More importantly, why would you want your D&D game to follow a story crafted by Hollywood screenwriters anyway? Make your quest about the characters you and your friends have dreamed up instead. Encouraging reckless, ridiculous creativity is the best thing about any role-playing game. Minus that, it’s just dice rolls and fancy maths.

How to change Honour Among Thieves NPCs into playable characters

If someone at your table is a hardcore fan of the movie and wants to be Forge Fitzwilliam instead of just meeting him, it wouldn’t be difficult to translate all of these NPCs into playable characters — most of the info is already there, and filling in the rest will be a snap. But keep balance in mind, both in the encounters and within the group, and nerf when necessary. You generally want everyone at the table to be roughly equal in power. At its best, a D&D game is experiment in ensemble storytelling in which everyone gets to shine. You don’t want your session to become “The Amazing Adventures of That One Guy From the Movie (and his friends).”

Better yet, instead of playing as a character from this movie (or any movie), consider an homage: If you like Edgin Darvis, by all means, roll up a bard, but make them your bard.
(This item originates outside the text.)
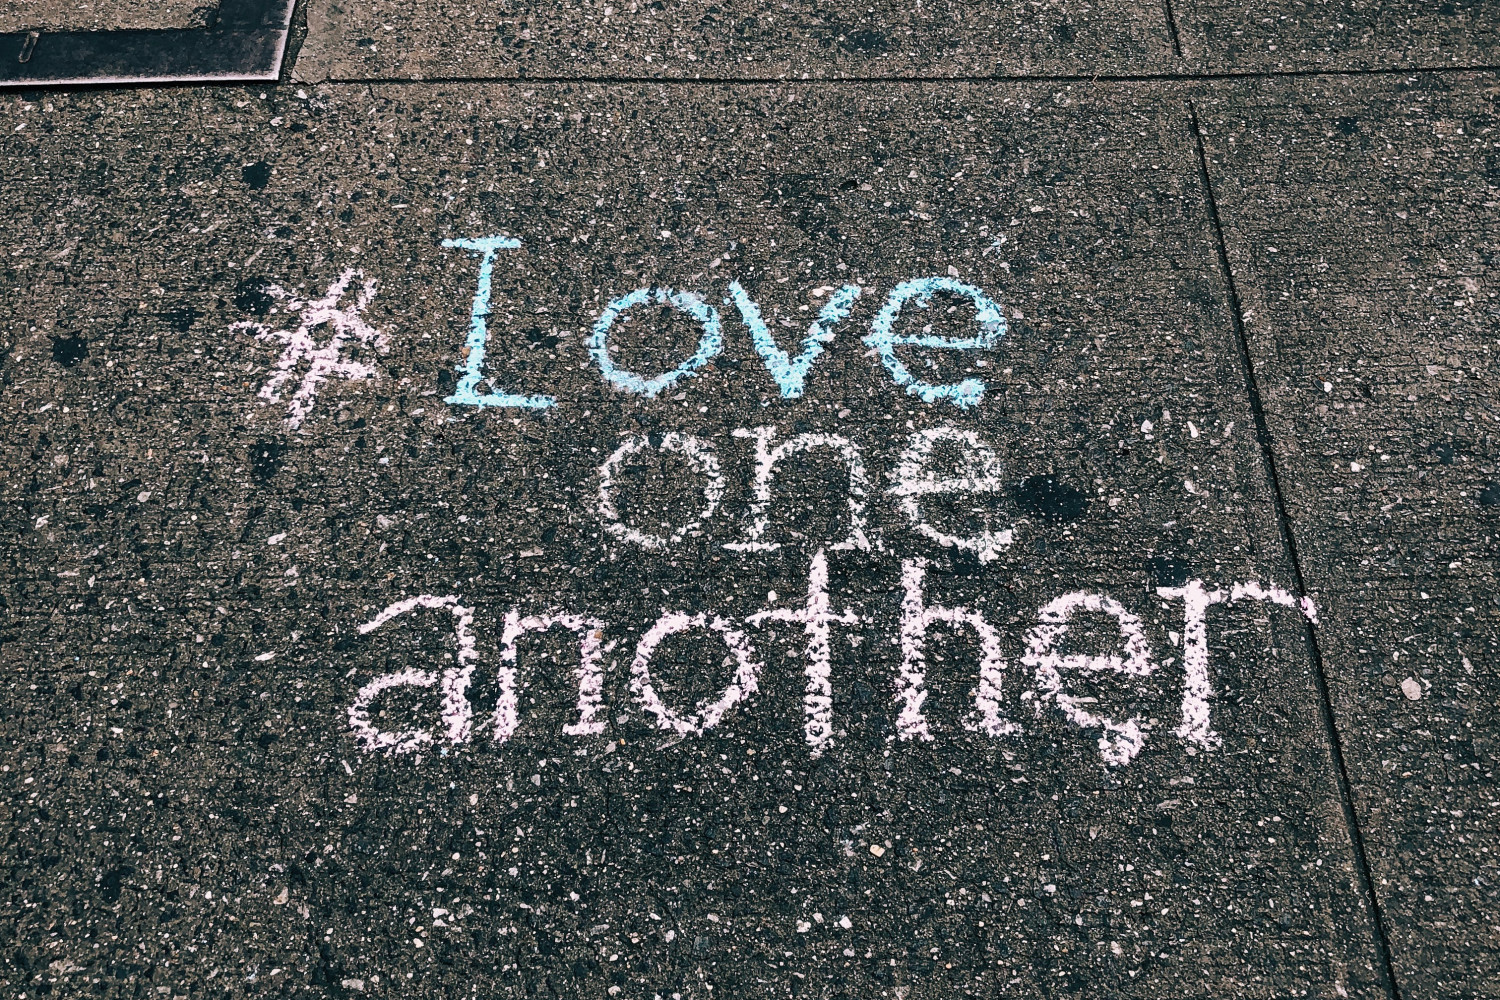 Image of pavement with 'Love one another' written in chalk

Maybe they’re a little like Darvis, but they’ll ultimately be shaped by you, the situations in your game world, and your horribly low dice throws.

The same basic guidelines apply to the magic items: These downloadable artifacts are all extremely powerful, potentially game-breaking gear — perfect for specific uses in a movie, but probably not made for whatever world you are creating. I wouldn’t throw the Helm of Disjunction or the Horn of Beckoning Death into a low level campaign unless “weaklings-wielding-bazookas” is the vibe you’re going for. Maybe keep them as “end of the module” rewards, or as the Thing the Big Bad Evil Guy wields that allows him to rule the village.